A lawyer for a Georgia death-row inmate said a Dougherty County judge is expected to stay Wednesday's scheduled execution of Marcus Ray Johnson.

Superior Court Judge Willie Lockette was expected to sign the stay of execution on Tuesday, attorney Brian Kammer said.

Johnson had been scheduled to be put to death by lethal injection for a 1994 murder. He recently filed a motion for a new trial and is asking that DNA testing be performed on some of the evidence collected in the investigation of the rape and stabbing death of Angela Sizemore.

On Monday, Johnson's lawyers had asked the state Board of Pardons and Paroles to grant clemency. After hearing arguments from defense lawyers and prosecutors, the parole board said late Monday it was not making an immediate decision. On Tuesday, Johnson's lawyers appeared before Lockett.

Kammer has said that DNA testing was not conducted on several samples because the technology at the time was not as advanced as it is now. But, he said, "there is plenty of evidence that could be tested."

He thinks tests could show Sizemore was attacked by others and not just by Johnson.

"Knowing him for 12 years now, I have felt he could never have done this, " Kammer said. "He's always been bitter and angry that he's in prison for something he didn't do."

According to testimony at the trial in 1998, Johnson and Sizemore met at an Albany bar called Fundamentals shortly after midnight the morning of March 24, 1994. She had been to a memorial service several hours earlier and was drinking so heavily that the bartenders stopped serving her. Johnson, angry because another woman had rejected him, was shooting pool when he first saw Sizemore.

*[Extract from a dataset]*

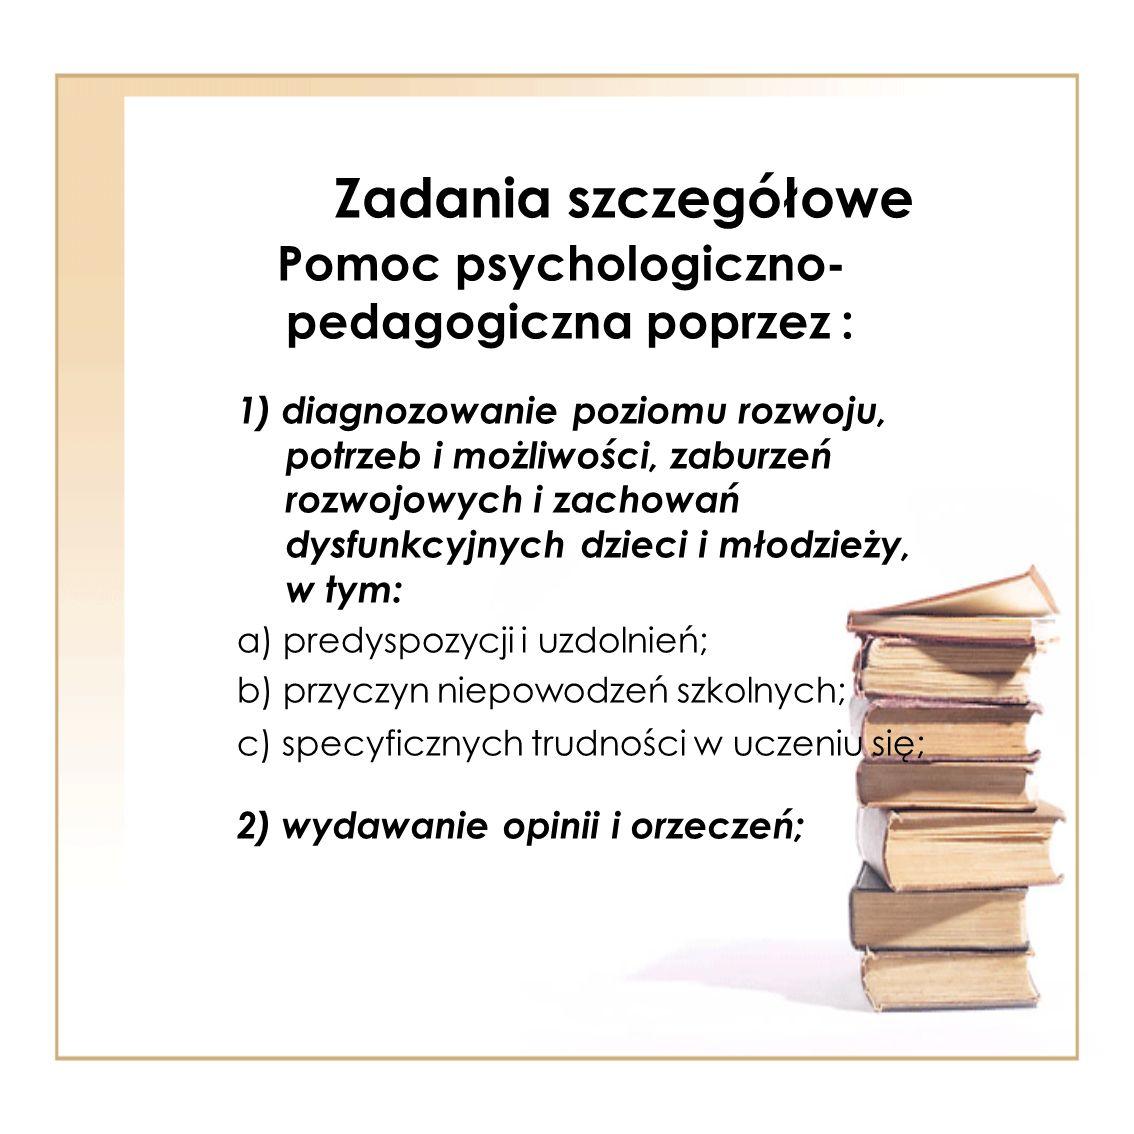 Zadania szczegółowe Pomoc psychologiczno-pedagogiczna poprzez :

Witnesses said Sizemore and Johnson danced, and they were seen in a booth kissing and leaving together.

Johnson said they had sex in a nearby parking lot. He told investigators he and Sizemore got into an argument because she wanted to "snuggle" after the sex and he didn't. He admitted he punched her in the nose, but Johnson said he didn't kill Sizemore.

Sizemore was found later that morning in her white Suburban, parked behind an east Albany apartment complex. She had been sodomized, raped and stabbed 41 times.

Investigators found a drop of blood on the leather jacket Johnson was wearing that morning. Kammer said there should have been more blood given the number of times Sizemore was stabbed.

Investigators also said Johnson's pocket knife was consistent with the weapon that was used to stab Sizemore, but they did not find any blood on it.

Kammer said most of the evidence against Johnson was eyewitness testimony, which can be unreliable.

"There are lots of problems with the eyewitness testimony in this case, " Kammer said.